[Public]
Hi,
After investigating quite some time on this issue, found freeze problem is not with the amdgpu part of buddy allocator patch as the patch doesn’t throw any issues when applied separately on top of the stable base of drm-next. After digging more into this issue, the below patch seems to be the cause of this problem,
drm/ttm: rework bulk move handling v5 https://cgit.freedesktop.org/drm/drm/commit/?id=fee2ede155423b0f7a559050a397...
when this patch applied on top of the stable (working version) of drm-next without buddy allocator patch, we can see multiple issues listed below, each thrown randomly at every GravityMark run, 1. general protection fault at ttm_lru_bulk_move_tail() 2. NULL pointer deference at ttm_lru_bulk_move_tail() 3. NULL pointer deference at ttm_resource_init().

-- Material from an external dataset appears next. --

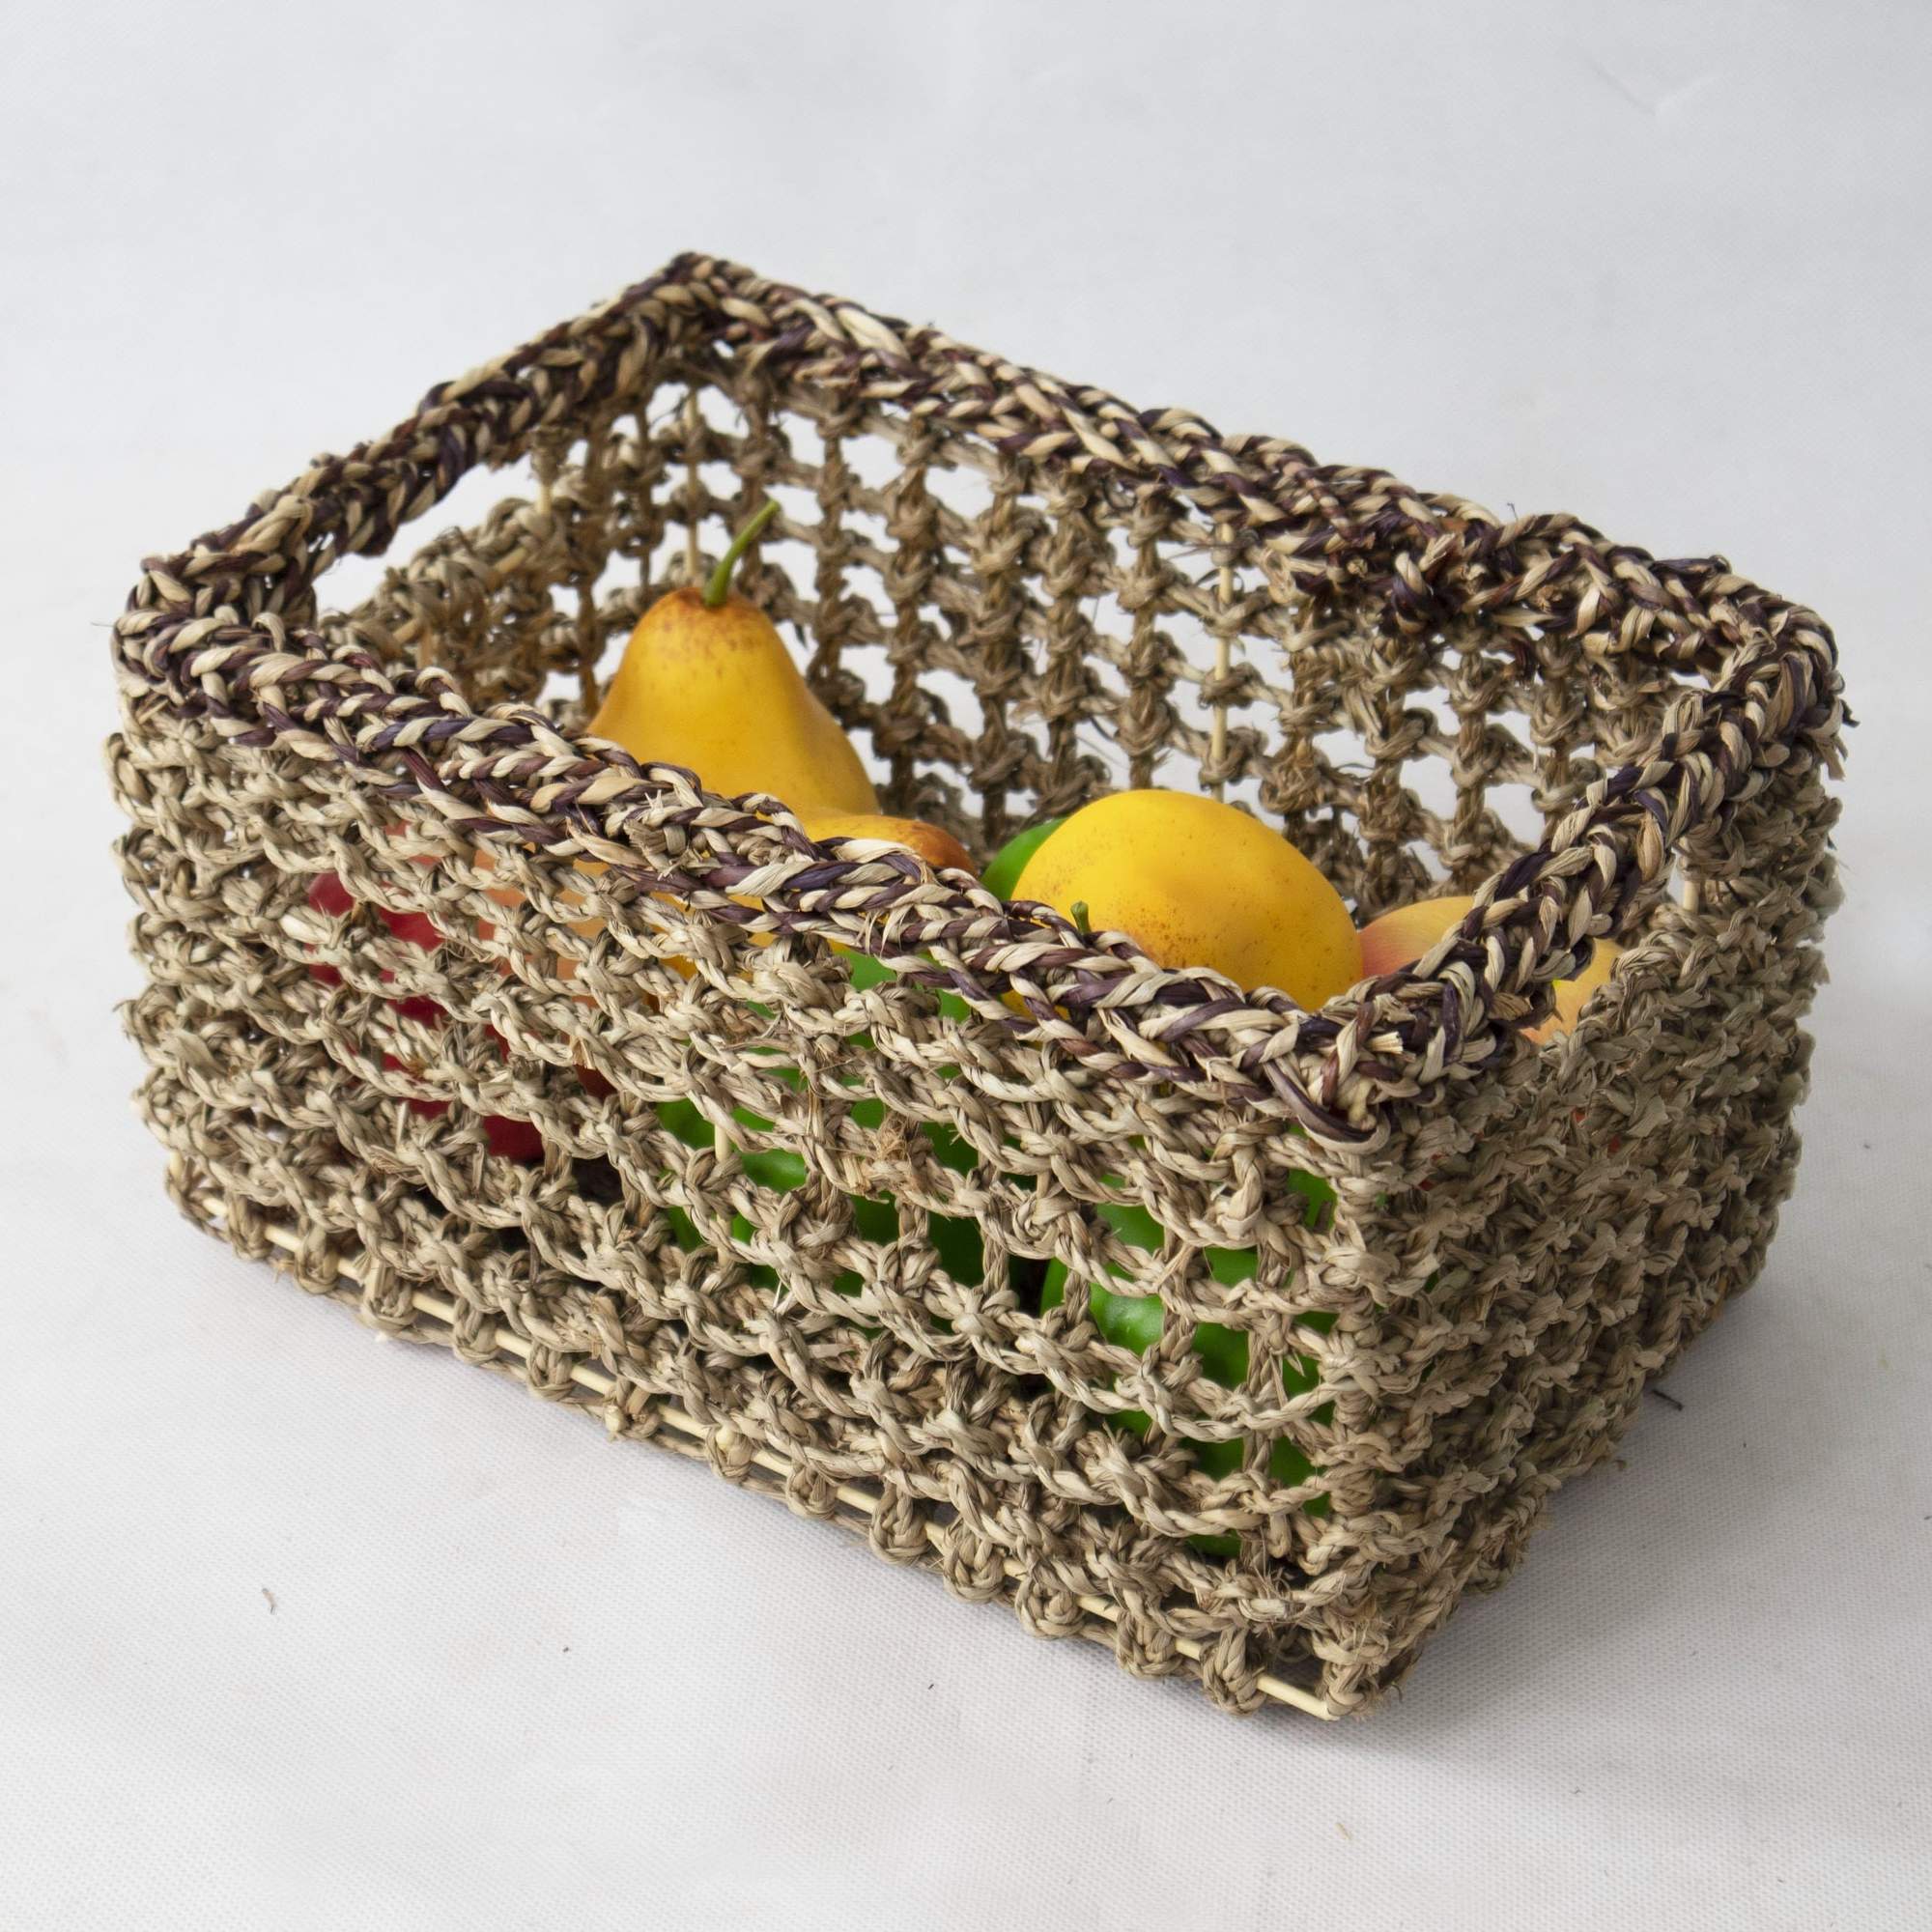 Large Woven Basket for Nursery/Closet
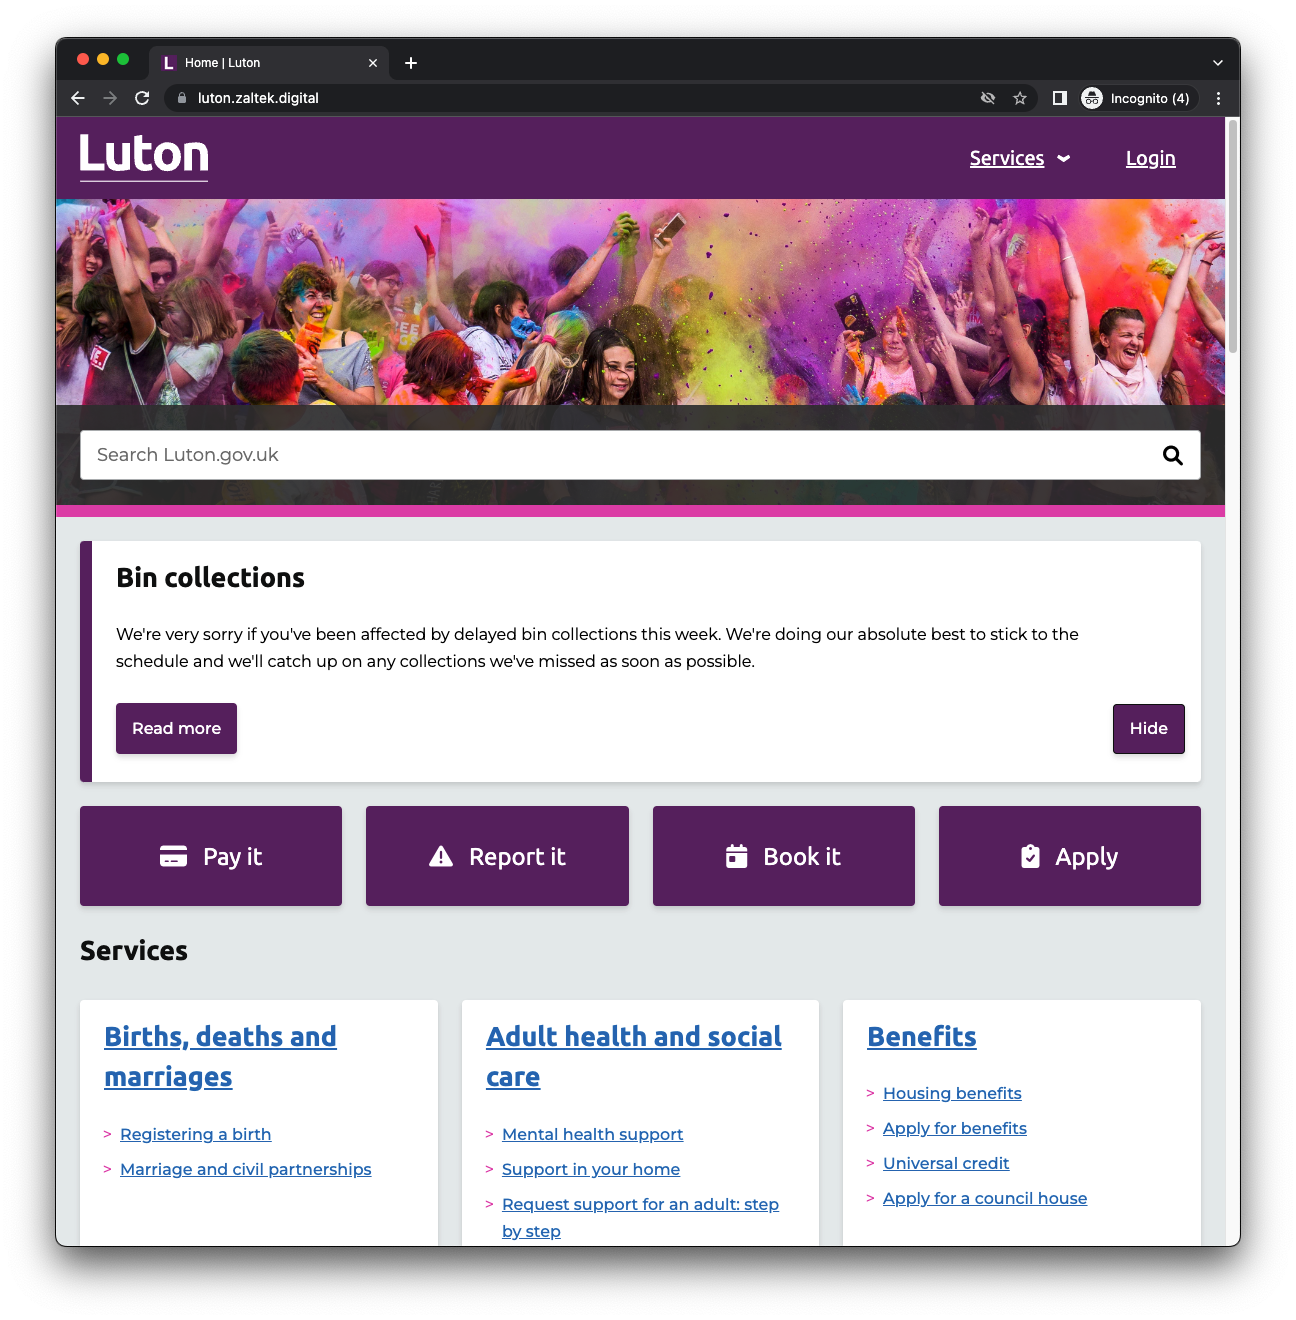 Luton's new homepage

Regards, Arun. -----Original Message----- From: Alex Deucher alexdeucher@gmail.com Sent: Monday, May 16, 2022 8:36 PM To: Mike Lothian mike@fireburn.co.uk Cc: Paneer Selvam, Arunpravin Arunpravin.PaneerSelvam@amd.com; Intel Graphics Development intel-gfx@lists.freedesktop.org; amd-gfx list amd-gfx@lists.freedesktop.org; Maling list - DRI developers dri-devel@lists.freedesktop.org; Deucher, Alexander Alexander.Deucher@amd.com; Koenig, Christian Christian.Koenig@amd.com; Matthew Auld matthew.auld@intel.com Subject: Re: [PATCH v12] drm/amdgpu: add drm buddy support to amdgpu
On Mon, May 16, 2022 at 8:40 AM Mike Lothian mike@fireburn.co.uk wrote:
Hi
The merge window for 5.19 will probably be opening next week, has there been any progress with this bug?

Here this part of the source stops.